Всё, всё, что гибелью грозит <…>.
Или, может быть, с помощью романов-предостережений мы заклинаем наше будущее, чтобы оно минуло нас, заклинаем катаклизмы, чтобы они не состоялись, — дикари двадцать первого века! — называем зло, чтобы отпугнуть его?..
Во всяком случае, практическая прогностическая польза от романов-предостережений ничтожна. Разве удалось крупнейшим литераторам начала века предостеречь нас хоть от чего-нибудь? Разве сумели они предугадать и «вычислить» тот рукотворный ад, в который погрузилось человечество двадцатого века?
Ведь и Уэллс, и Хаксли, и Замятин в конечном счёте оказались не столько глубокими мыслителями, сколько великими поэтами, не столько футурологами, сколько прорицателями в самом что ни на есть античном смысле этого слова. Они почуяли страшную угрозу, почуяли трупный запах из будущего, но кто будет гореть на кострах, кто будет корчиться на дыбе, какой Сатана станет править бал и почему это всё произойдёт, они не поняли и не угадали.
Они видели, какую апокалиптическую угрозу таит в себе победное вторжение научно-технического прогресса в косный мир, едва-едва начавший освобождать себя от морали и догм перезревшего феодализма.
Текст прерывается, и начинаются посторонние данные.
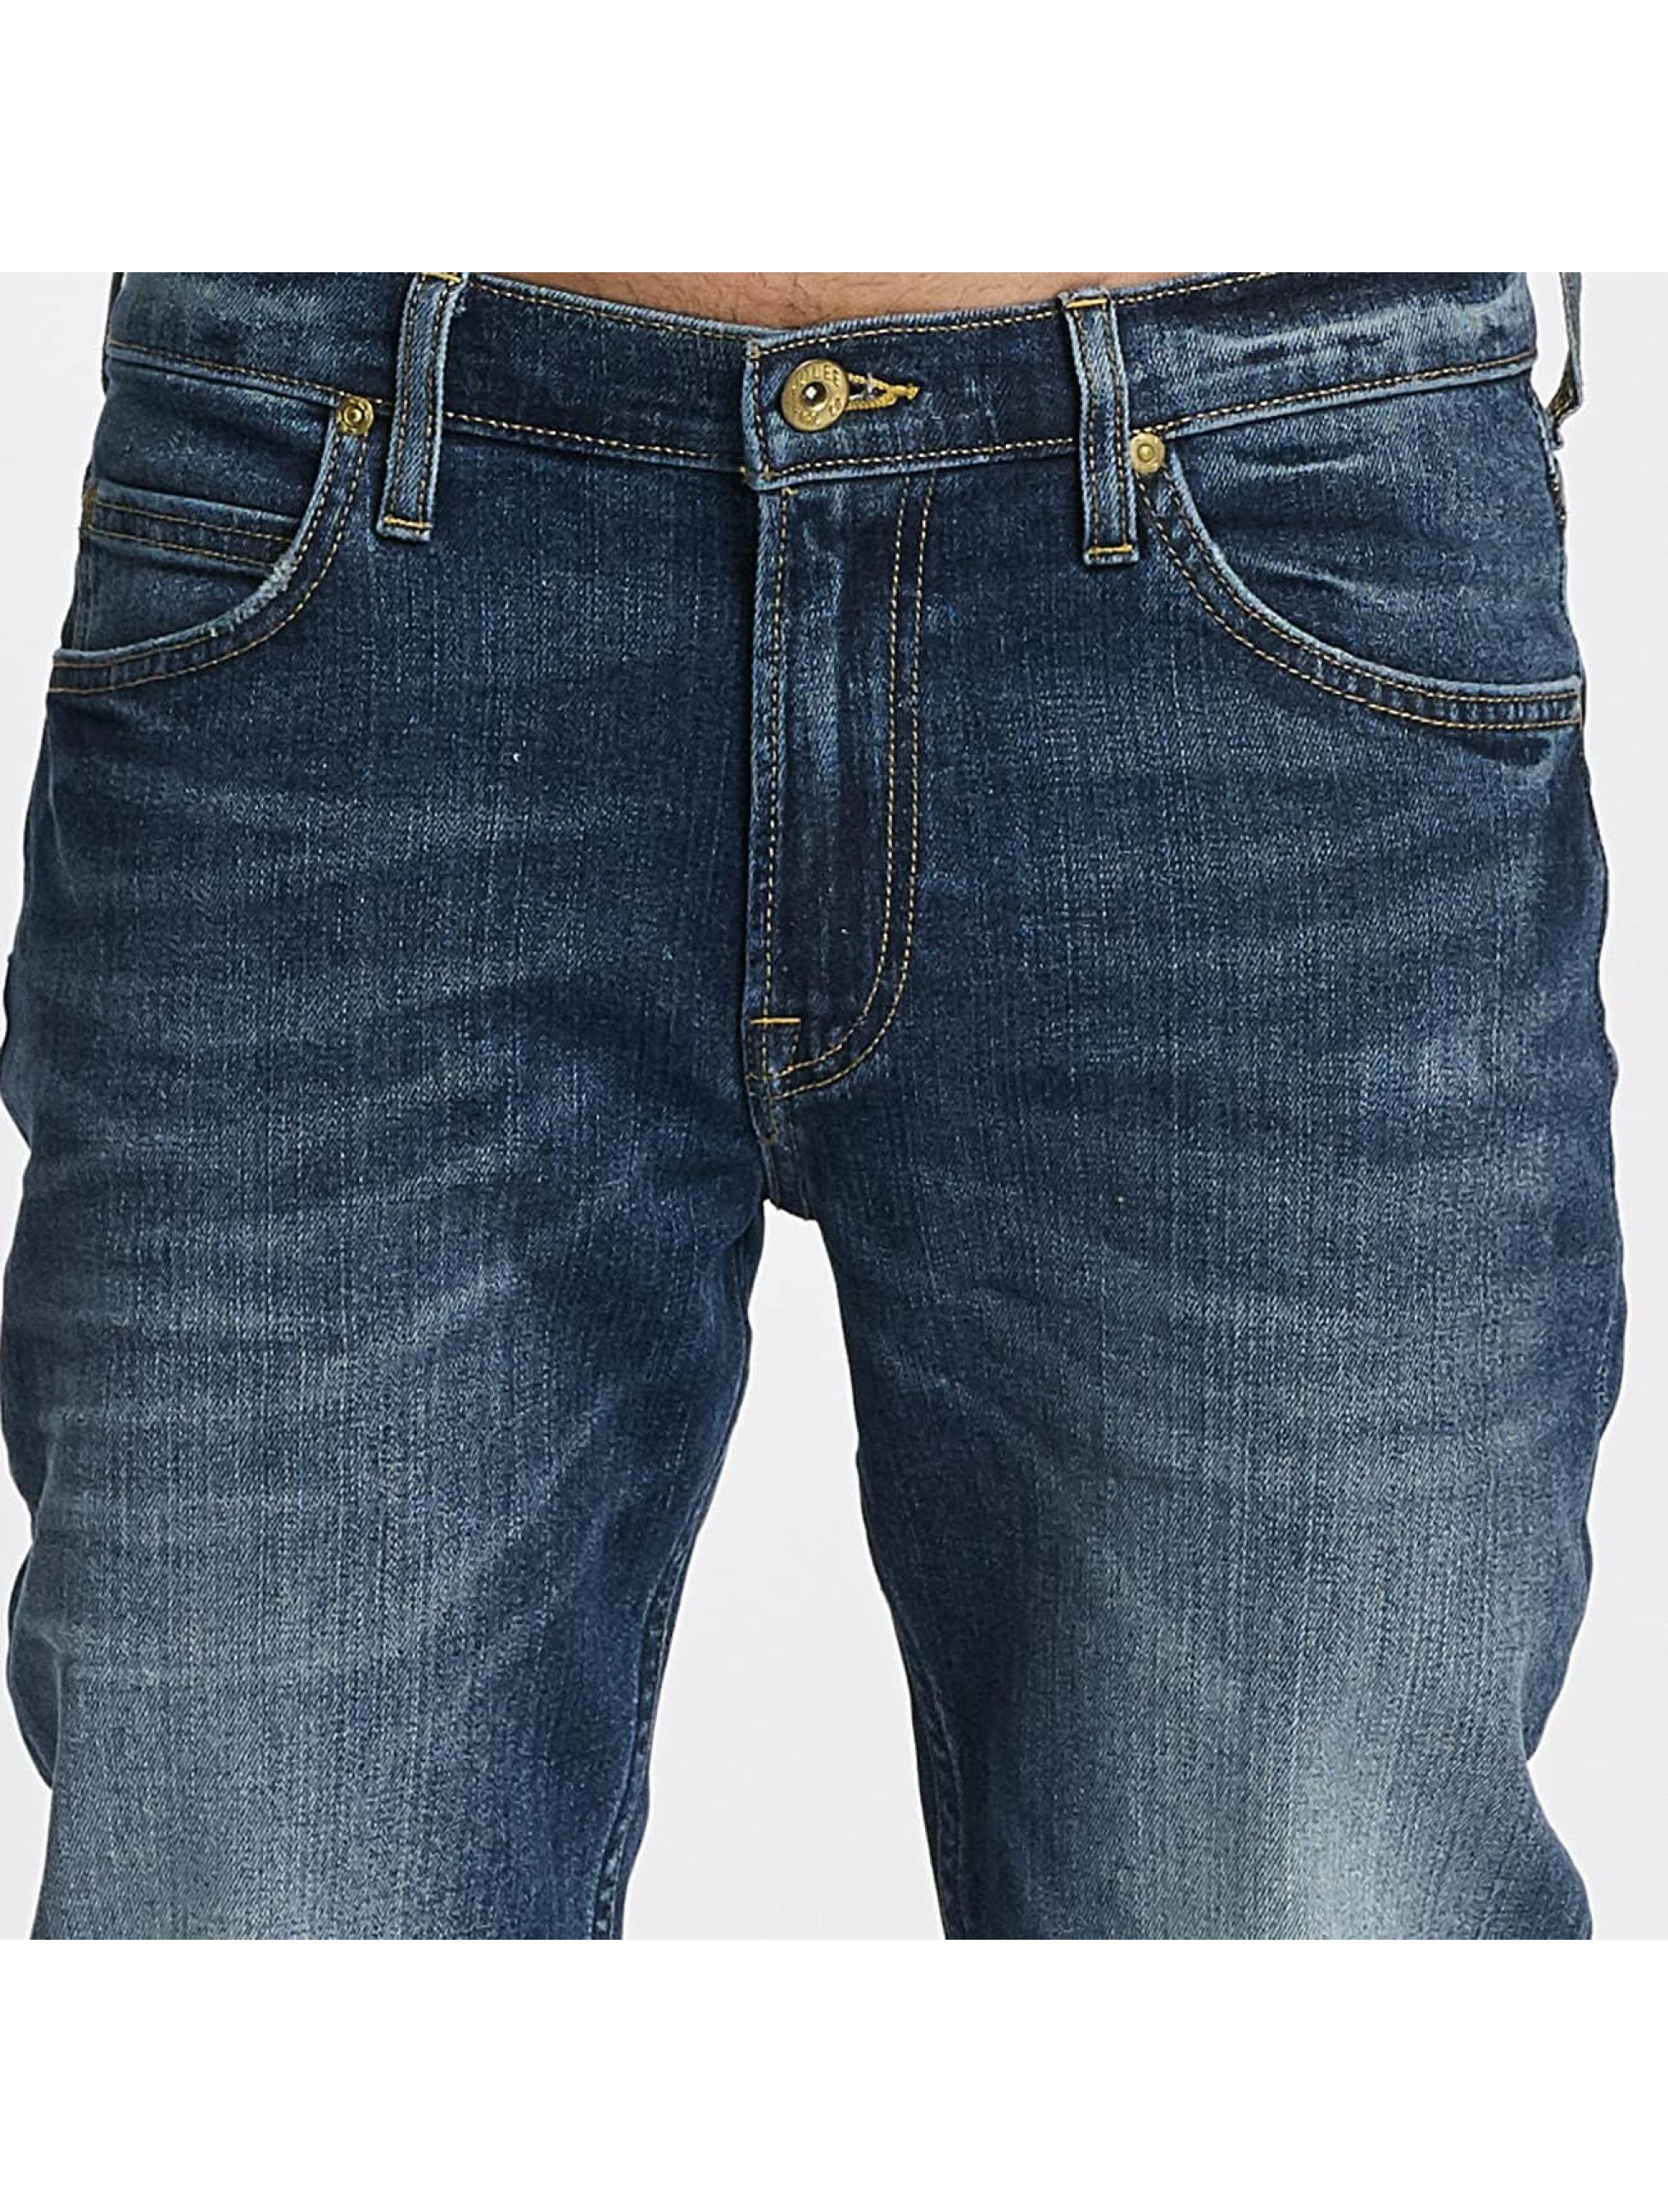 Lee dżinsy przylegające Rider niebieski

Они догадывались, что это такое: вчерашний раб, сегодняшний холоп за штурвалом боевого летательного аппарата или — хуже того — за пультом машины государственного управления. Именно в научно-техническом прогрессе видели они главную опасность, ибо им казалось, что наука всемогуща, а всемогущество в лапах дикаря — это гибель цивилизации. И самое страшное, что виделось им за горизонтом, — это превращение человека в робота, исчезновение индивидуальности, номера вместо людей, рационализация чувств и надежд, программируемый механизм вместо общества — по сути дела им виделся всё тот же Город Солнца, но выстроенный самыми современными физиками, химиками, биологами, математиками под управлением самых современных (извечно безжалостных) политиков…
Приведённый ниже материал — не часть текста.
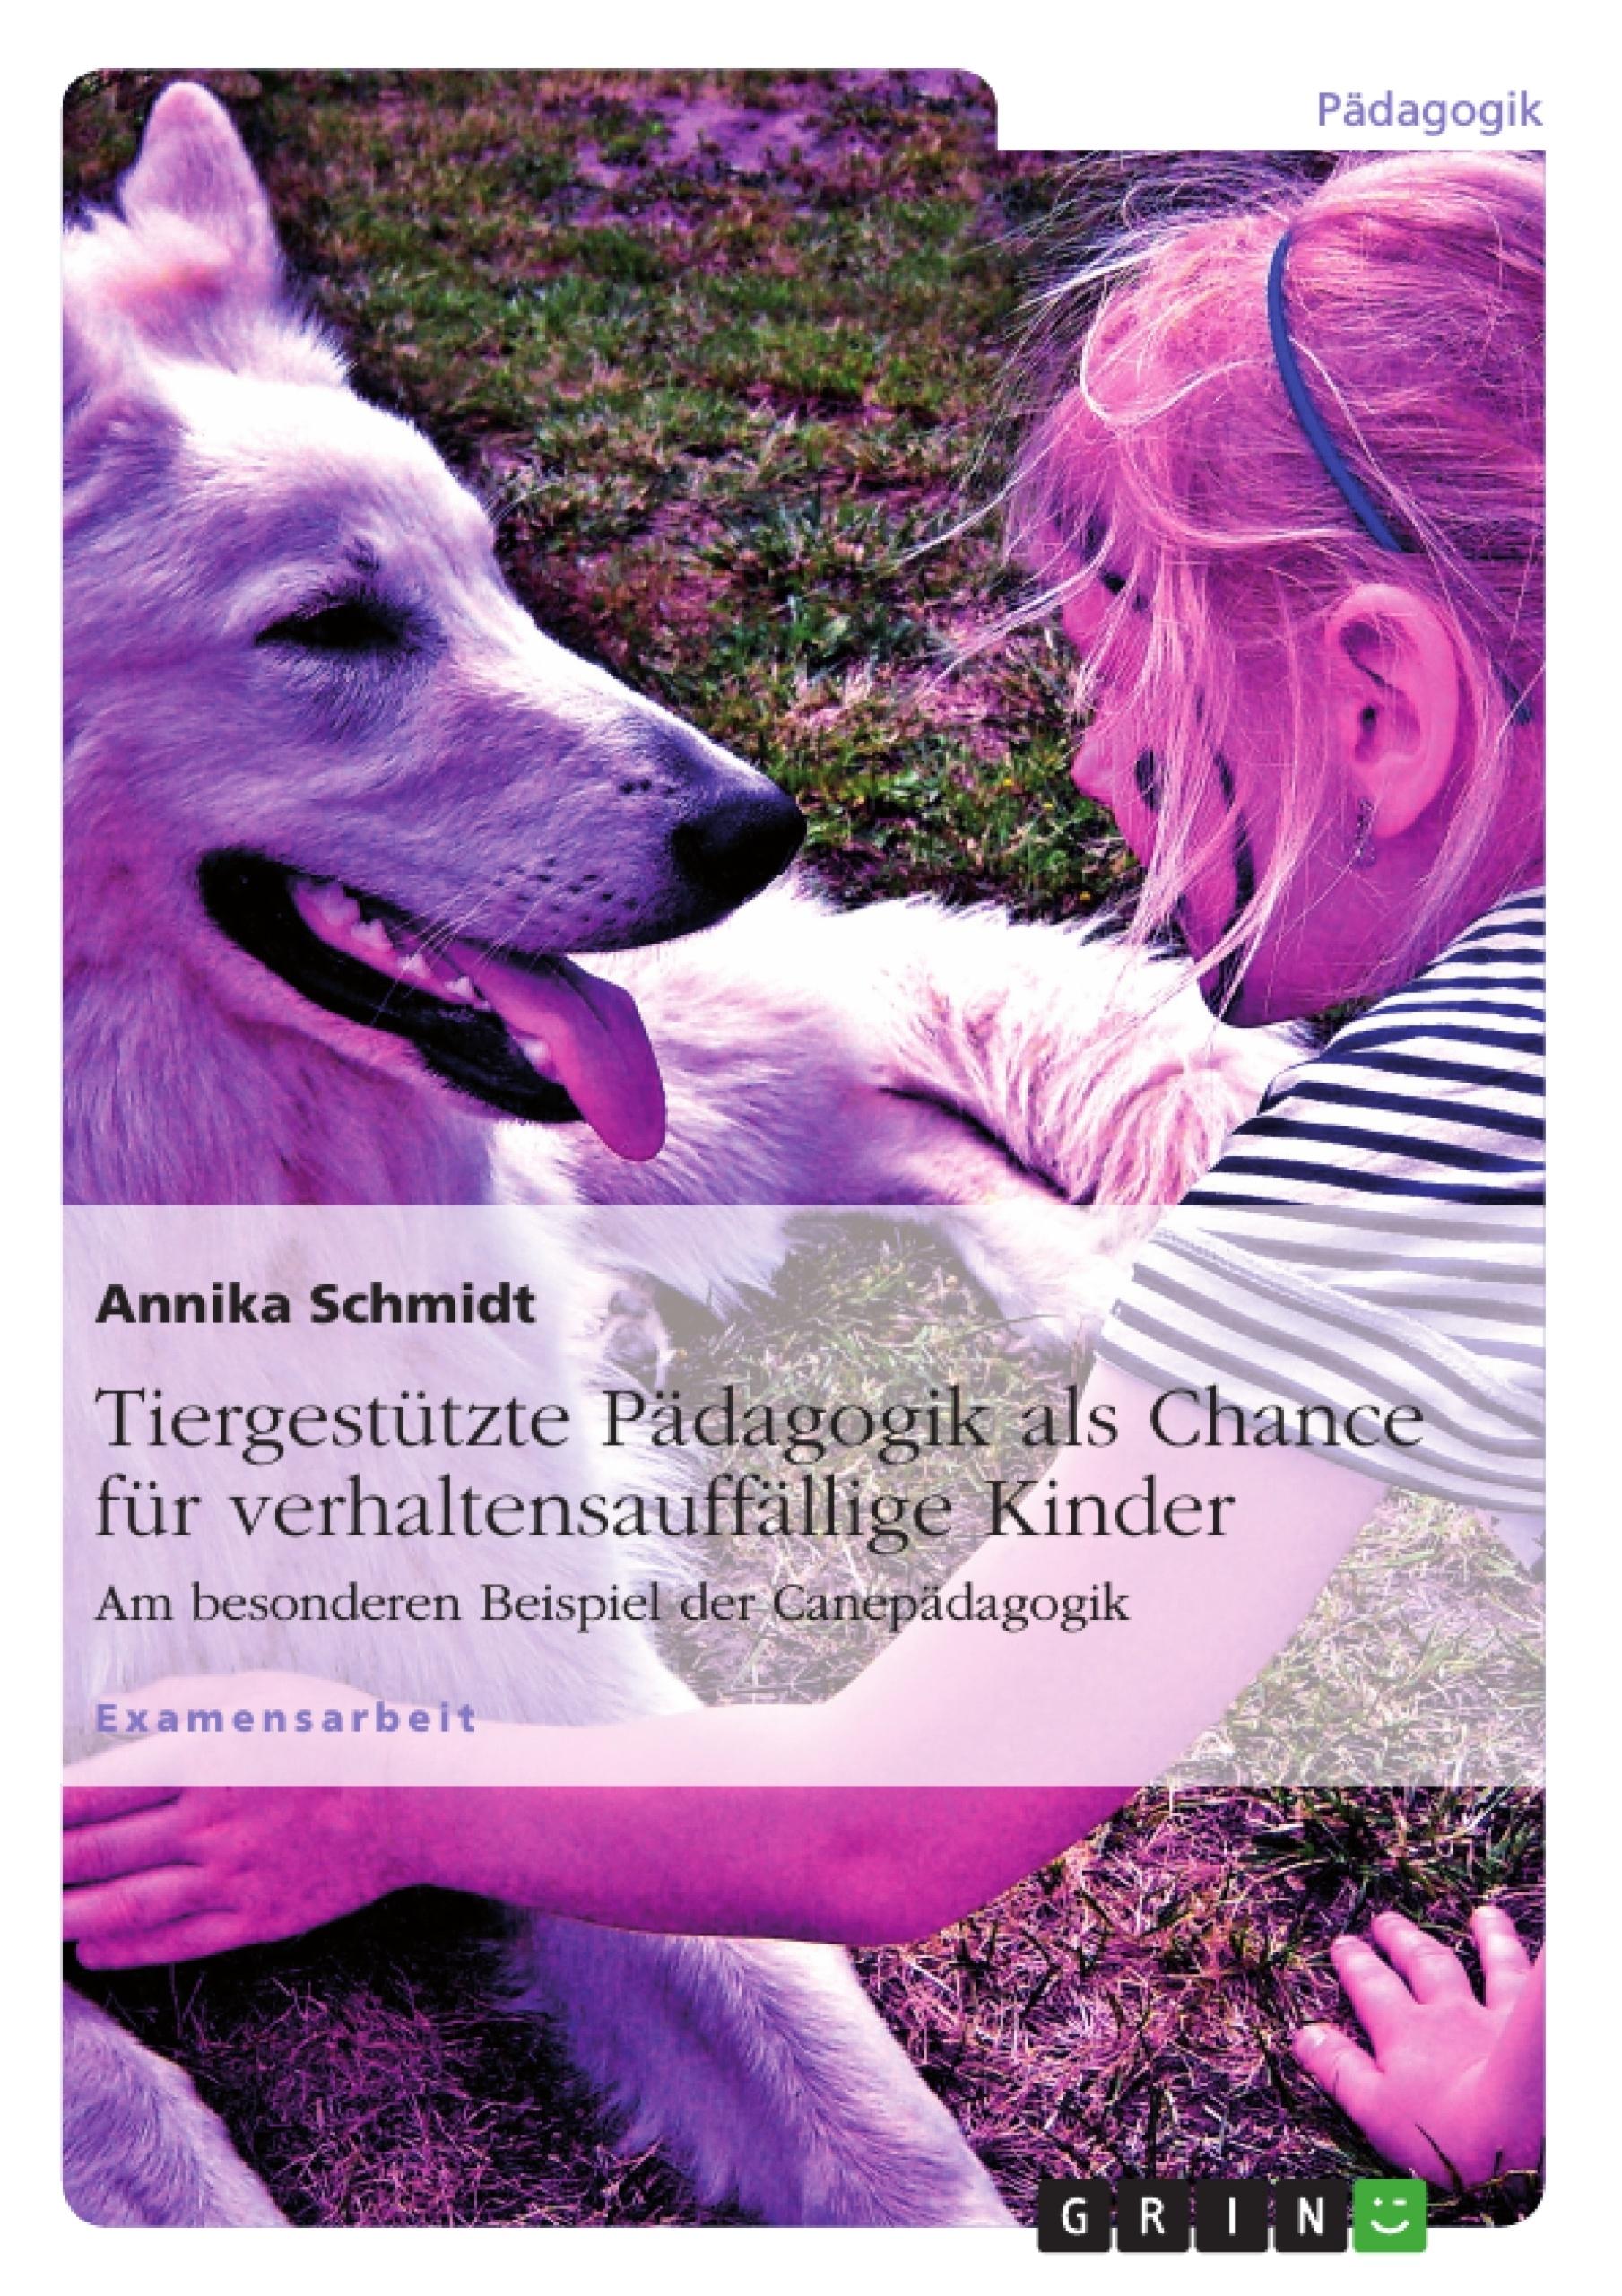 Titel: Tiergestützte Pädagogik als Chance für verhaltensauffällige Kinder

Однако мы знаем теперь, что реальность оказалась гораздо страшнее, чем эти их сумрачные прорицания. Опыт гнусных тоталитарных режимов XX века обнаружил, что с человеком может происходить кое-что похуже, чем превращение в робота. Он остаётся человеком, но он делается плохим человеком. И чем жёстче и беспощаднее режим, тем хуже и опаснее делается массовый человек. Он становится злобным, невежественным, трусливым, подлым, циничным и жестоким. Он становится рабом. (Похоже, мыслители конца девятнадцатого подзабыли, что такое раб, — двадцатый век напомнил им об этом.)

  •  

Любой тоталитарный режим стоит — как на железобетонном фундаменте — на идее беспрекословного подчинения.
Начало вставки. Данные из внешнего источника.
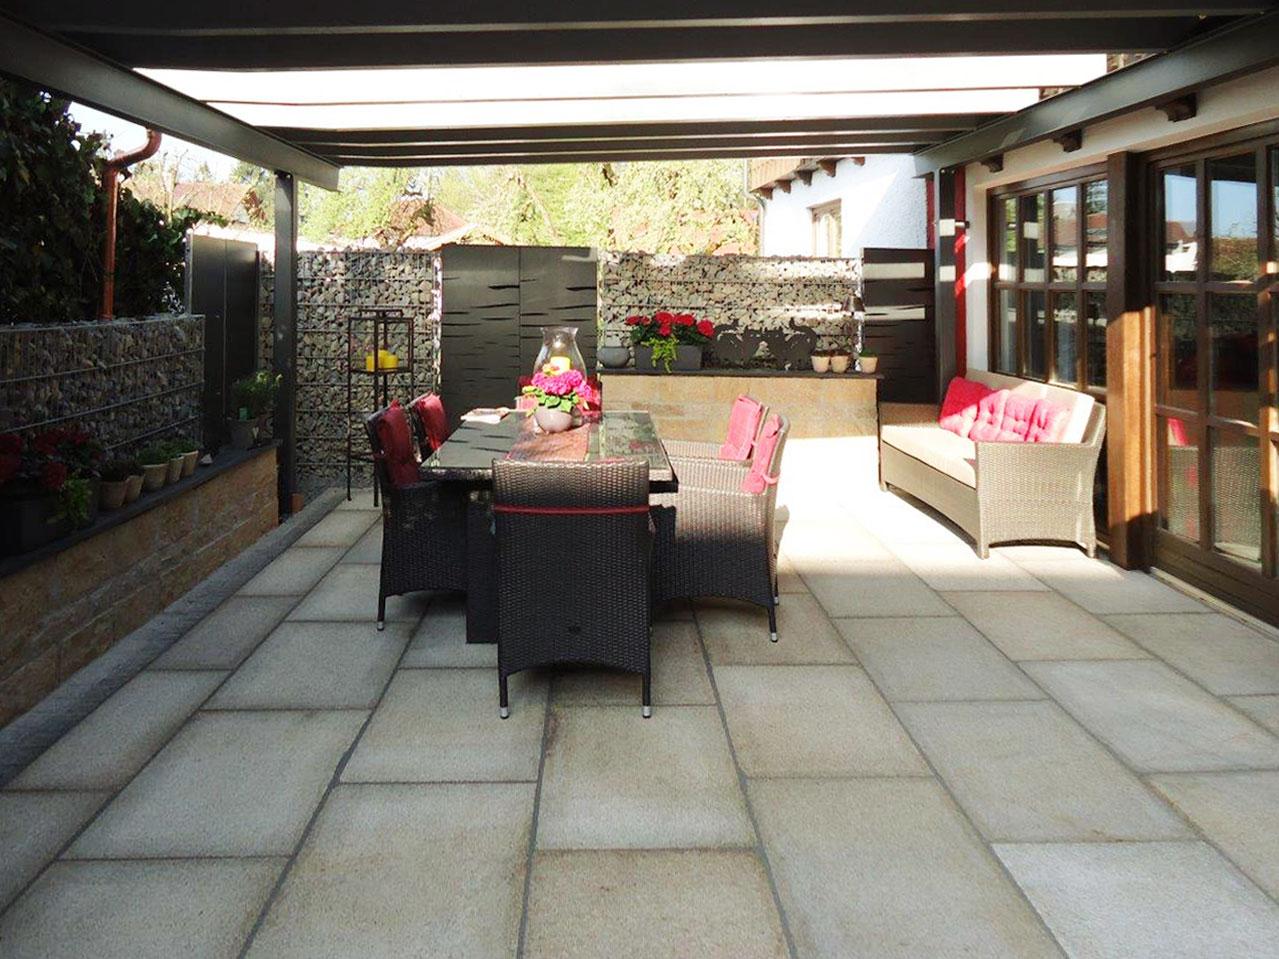 terrasse seite 2 bruckmeier garten und landschaftsbau. Black Bedroom Furniture Sets. Home Design Ideas

<…> установленной идеологии.
<…> установленному порядку.
<…> установленному свыше начальнику.
Человек свободен в рамках беспрекословного подчинения. Человек хорош, если он не выходит за рамки беспрекословного подчинения. Человек может быть назван умным, добрым, честным, порядочным, благородным, только лишь пока он не вышел за рамки беспрекословного подчинения…
Шла дрессировка. На гигантских пространствах Земли и на протяжении многих лет шла титаническая дрессировка миллионов. Слово «роботы» не было тогда ещё в ходу. Слово «программирование» было неизвестно либо известно только самым узким специалистам. Так что это следовало бы называть дрессировкой человеков, но называлось это воспитанием масс.

  •  

Если [человека] лишить информации и отдать — безраздельно! — во власть тайной полиции, то процесс дрессировки можно вполне успешно завершить в течение одной-двух пятилеток. Если установить достаточно жёсткое наказание за выход (сознательный — невольный, от большого ума — от явной глупости, с целью подрыва или без — всё это несущественно) из рамок беспрекословного подчинения, то человека можно даже приучить думать, что он живёт хорошо (в полуразвалившейся избе, с лопухами вместо яблонь и с пенсией одиннадцать рублей ноль четыре копейки). Только не надо церемониться! Если враг не сдаётся, его уничтожают[3]. Если друг — тоже.
Джордж Оруэлл ничего не предсказал. Он только фантазировал на хорошо уже разработанную тему — разработанную до него и не им, а специалистами-дрессировщиками по крайней мере четырёх стран. Но он правильно назвал то, что происходило с дрессируемым человеком. Он ввёл понятие «двоемыслие» (double think). <…>
В тоталитарном мире можно выжить только в том случае, если ты научишься лгать. Ложь должна сделаться основою всех слов твоих и всех поступков. Если ты сумеешь возлюбить ложь, у тебя появится дополнительный шанс на продвижение вверх (вкуснее жрать, пьянее пить, слаще спать), но как минимум ты должен научиться лгать. Это не даст тебе абсолютной гарантии выживания (в тоталитарном мире абсолютной гарантии нет вообще ни у кого), но это увеличит вероятность благоприятного исхода <…>.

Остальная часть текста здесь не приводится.